Let's see this in action with a small array.

In [None]:
if CUPY_AVAILABLE:
    size = 100
    a_cpu = np.random.rand(size, size).astype(np.float32)
    b_cpu = np.random.rand(size, size).astype(np.float32)

    # Time just the CPU computation
    cpu_time = timeit.timeit(lambda: np.dot(a_cpu, b_cpu), number=100)
    print(f"Small matrix, CPU only: {cpu_time / 100:.6f} seconds")

    # Time the full process: move to GPU, compute, move back
    def gpu_full_trip(a, b):
        a_gpu = cp.asarray(a)
        b_gpu = cp.asarray(b)
        c_gpu = cp.dot(a_gpu, b_gpu)
        c_cpu = cp.asnumpy(c_gpu)
    
    gpu_time = timeit.timeit(lambda: gpu_full_trip(a_cpu, b_cpu), number=100)
    print(f"Small matrix, GPU full trip: {gpu_time / 100:.6f} seconds")

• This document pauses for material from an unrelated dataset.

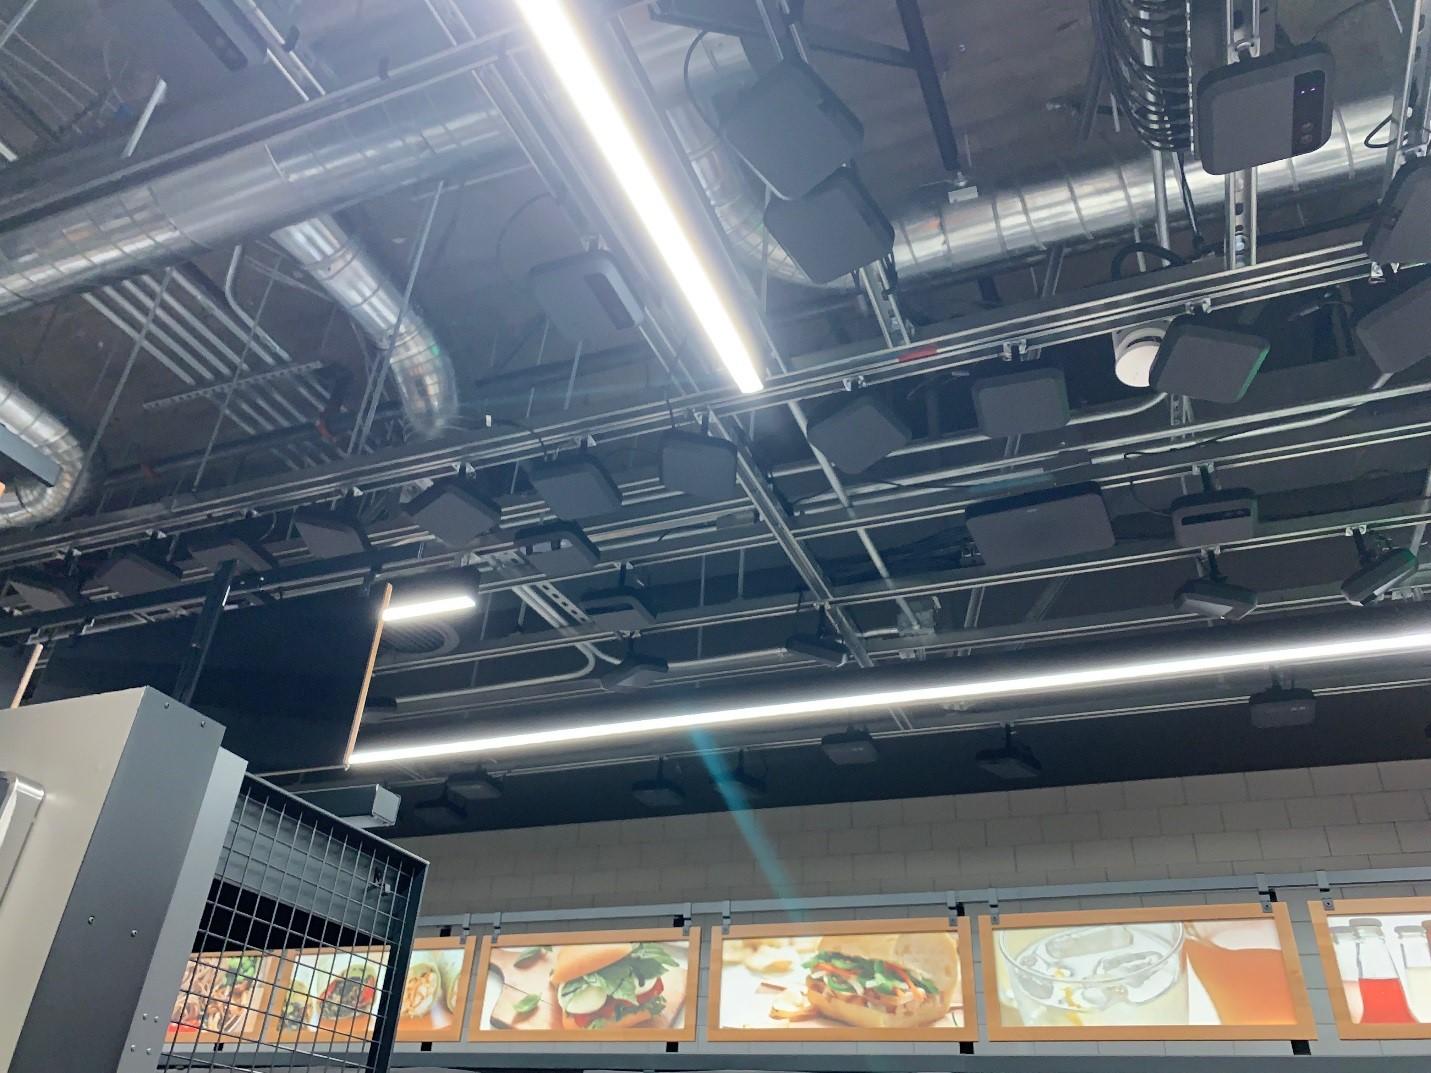 AmazonGo店内のセンサー・カメラ

For the small matrix, the GPU version is likely slower because the overhead of transferring data to and from the GPU outweighs the computational speedup. This illustrates a key principle: **use the GPU for large, intensive computations where the data transfer cost is a small fraction of the total execution time.**

## Summary: When to Use CuPy

CuPy is a powerful tool, but it's not always the right choice. Consider using CuPy when:

1.  **You have an NVIDIA GPU:** CuPy is built on CUDA and only works with NVIDIA hardware.
2.  **Your code is NumPy-heavy:** It is designed as a drop-in replacement for NumPy.
3.  **Your operations are highly parallelizable:** It excels at large-scale matrix algebra, element-wise operations on large arrays, and other vectorized computations.
4.  **The performance bottleneck is significant:** The overhead of transferring data to the GPU is not trivial. For small arrays or simple operations, NumPy on the CPU may be faster. CuPy shines when the computation is heavy enough to make the data transfer cost worthwhile.

By providing a familiar API, CuPy lowers the barrier to entry for GPU computing, enabling economists to harness the parallel processing power of modern graphics cards for their research.